# My Darling Human Girl



## Posh's Mom (Dec 20, 2007)

Here are a few pics of my little girl Violet. She turned four on Monday. She is quite theatrical and I love how her mind works.

Fun story for you all:
She woke up early on the morning of her birthday and asked me if today was the day she turned four. I told her yes it was.
Violet had preschool that day and proudly announced to her teacher and class that she was four today.
Fast forward a few hours and we are on our way home. I look in the rearview mirror and see she is about to cry. She starts to cry and I ask her what's the matter?
She says, "I just want to be three again!"
I reply that she can pretend and she says "it's not the same. I don't want to be old, I want to be new."
I convinced her that four was a good age because now she got four books at bedtime vs. three.
Man oh man, what is she going to think when she turns thirty?!


----------



## Cheryl (Mar 17, 2007)

What a story!!! Write that one down because this is one she will want to hear when she turns 16 and 21. Ok the rest of the years--she will not want to hear it.!


----------



## Sissygirl (Aug 8, 2007)

That is so cute! Darling little girl!


----------



## havaluv (Oct 15, 2007)

Oh my gosh, Violet is *precious!* That beautiful expressive little face! I love the story...I want to be "new" too, can't say as I blame her! 

Oh yeah...and that little dress she is wearing...too too cute. You've got one adorable little girl there, Amy, and as always, your photography is amazing.


----------



## BeverlyA (Oct 29, 2006)

Oh Amy! Violet is just too cute for words...cute isn't even a good enough word, but I just can't think right now! Just priceless!!!

The pictures are amazing as always. Thank you so much for sharing with us!

I recently looked at a pair of eye glasses very similar to hers by La Font (these were blue) but my friends were yelling "NO!!" so loudly I couldn't get them ordered. I LOVE those shades!!!

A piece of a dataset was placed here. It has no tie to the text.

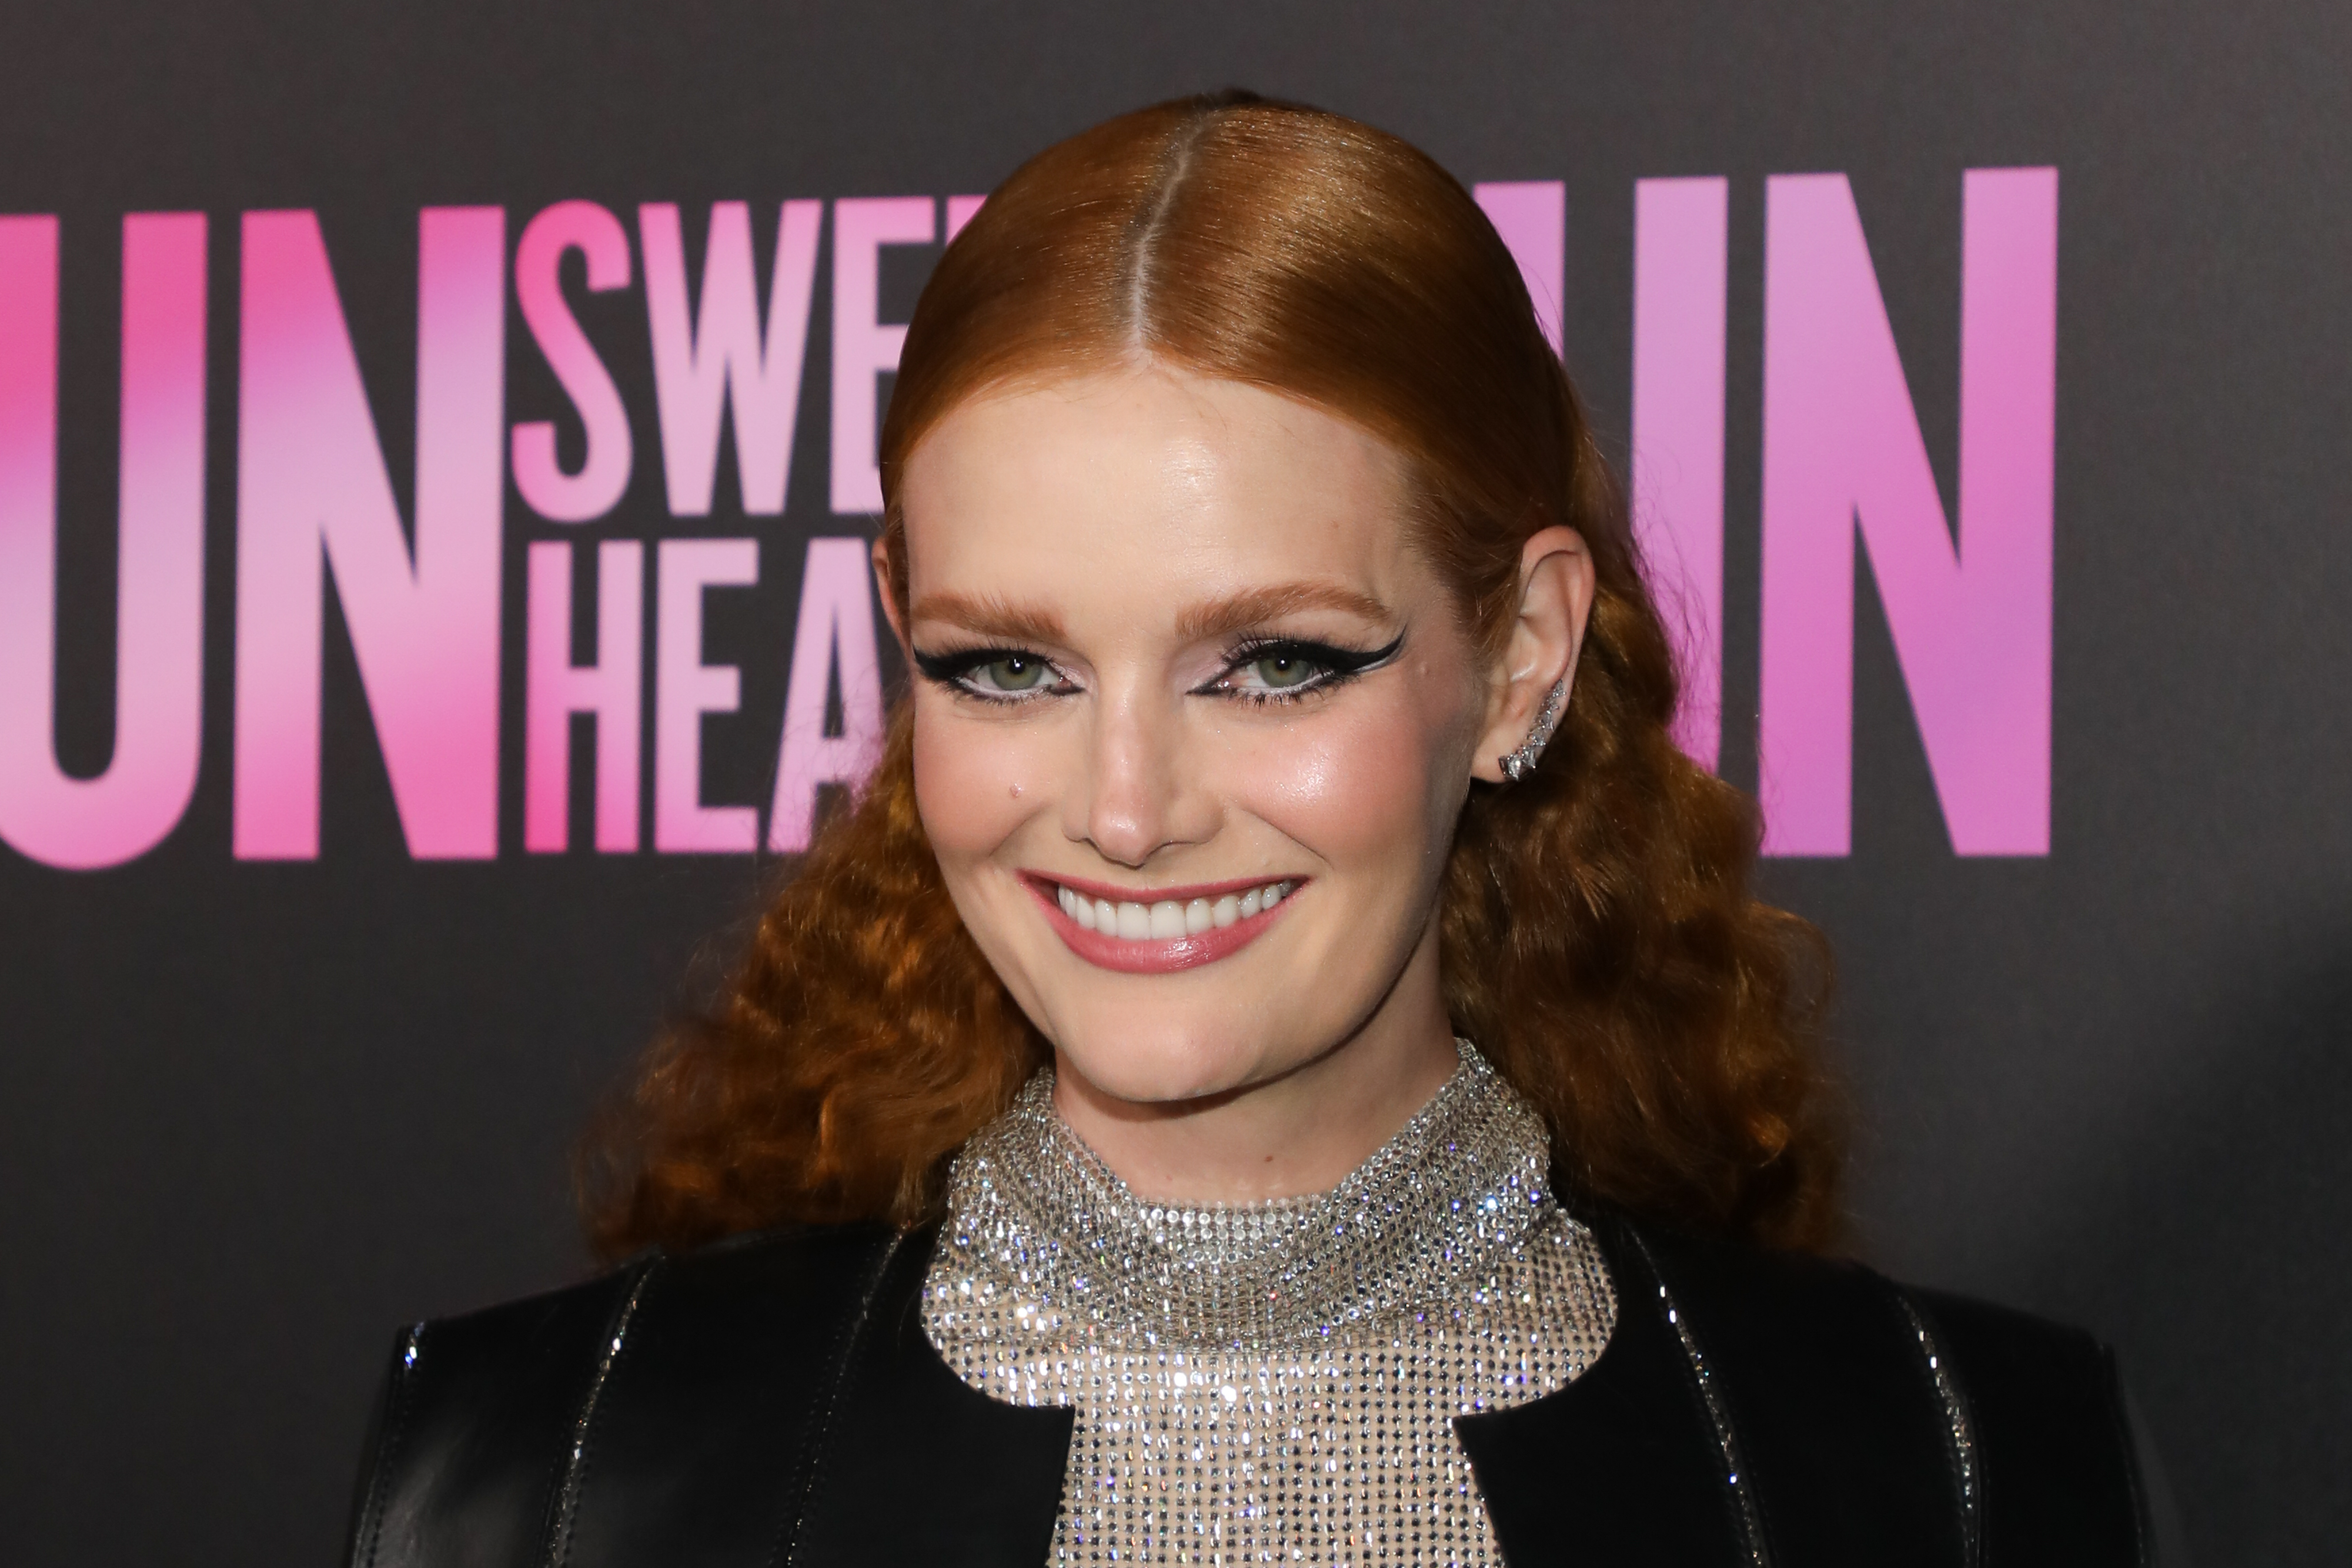 Lydia Hearst at the Ace Hotel in Los Angeles, California

Please pass on happy birthday wishes to her from the crazy dog ladies 

Beverly


----------



## Salsa's Mom (Mar 18, 2008)

Happy 4th Birthday, Violet!!!


----------



## Posh's Mom (Dec 20, 2007)

BeverlyA said:


> Oh Amy! Violet is just too cute for words...cute isn't even a good enough word, but I just can't think right now! Just priceless!!!
> 
> The pictures are amazing as always. Thank you so much for sharing with us!
> 
> ...


Did the glasses happen to have green "eye lashes" on them?

I was deeply in love with a La Font pair of glasses that were blue with scalloped bright green on the rims which made it look like you were a character from a cartoon with crazy eyelashes.

My glasses are LaFont, and are very conservative aka boring and four years old! Blah. Time for some new ones!:biggrin1:


----------



## BeverlyA (Oct 29, 2006)

This particular pair actually looked more like it had tiny flowers with little stones in the centers. It was the first pair of glasses I ever put on that made me say, "wow, my eye's are BLUE!". Okay,,,hard to believe, but I actually have a picture of me trying them on. 
I have to replace my glasses every year, I've got horrible vision. When I try on glasses, I can't see anything, so I take my cam and take pictures so I can look at them close up at home.

This isn't the pair I ended up with, but I STILL love this pair! If only I didn't have to replace them every year I would spring for a second pair.
My last pair were LaFont, great frames.

Beverly


----------



## Posh's Mom (Dec 20, 2007)

Beverly I love those!!! I'm soo taking pictures of me trying on frames. What a great idea! Of course one can't see themselves properly when one can't see properly without their specs!!! AND, I'm putting it to a vote on this forum (well maybe not...but maybe yes)!


----------



## Suuske747 (May 9, 2007)

BeverlyA said:


> When I try on glasses, I can't see anything, so I take my cam and take pictures so I can look at them close up at home.
> Beverly


Same here, that's why I take my mum and sisters with me when I go for new glasses....it's always a surprise eventually what I will look like once a choice is made!! Sofar I have never regretted one choice they made for me!!

Back on topic:

And...DO write that down for your little girl!! It'll be like a story to tell on her wedding day


----------



## pjewel (Apr 11, 2007)

Amy, what a wonderful story. You should keep a journal for her with all these precious moments that you can share when she grows up and gets "really old." ound:


----------



## Judy A (Jan 13, 2007)

That is such a cute story.....and what a doll to go with it! I agree...write it down because, believe me, I wish I had. I can't remember much of anything to tell my kids about themselves!


----------



## Missy (Nov 6, 2006)

Amy, great story and Beautiful little Violet. (hmmm cute child pictures could be more dangerous than puppy pictures...)


----------



## trueblue (Jan 22, 2008)

Violet is beautiful! Happy Birthday, Violet! I love her name, too.


----------



## lulubella (Mar 25, 2008)

Happy Birthday Violet--you're a beautiful little girl!! Stay young in your heart forever!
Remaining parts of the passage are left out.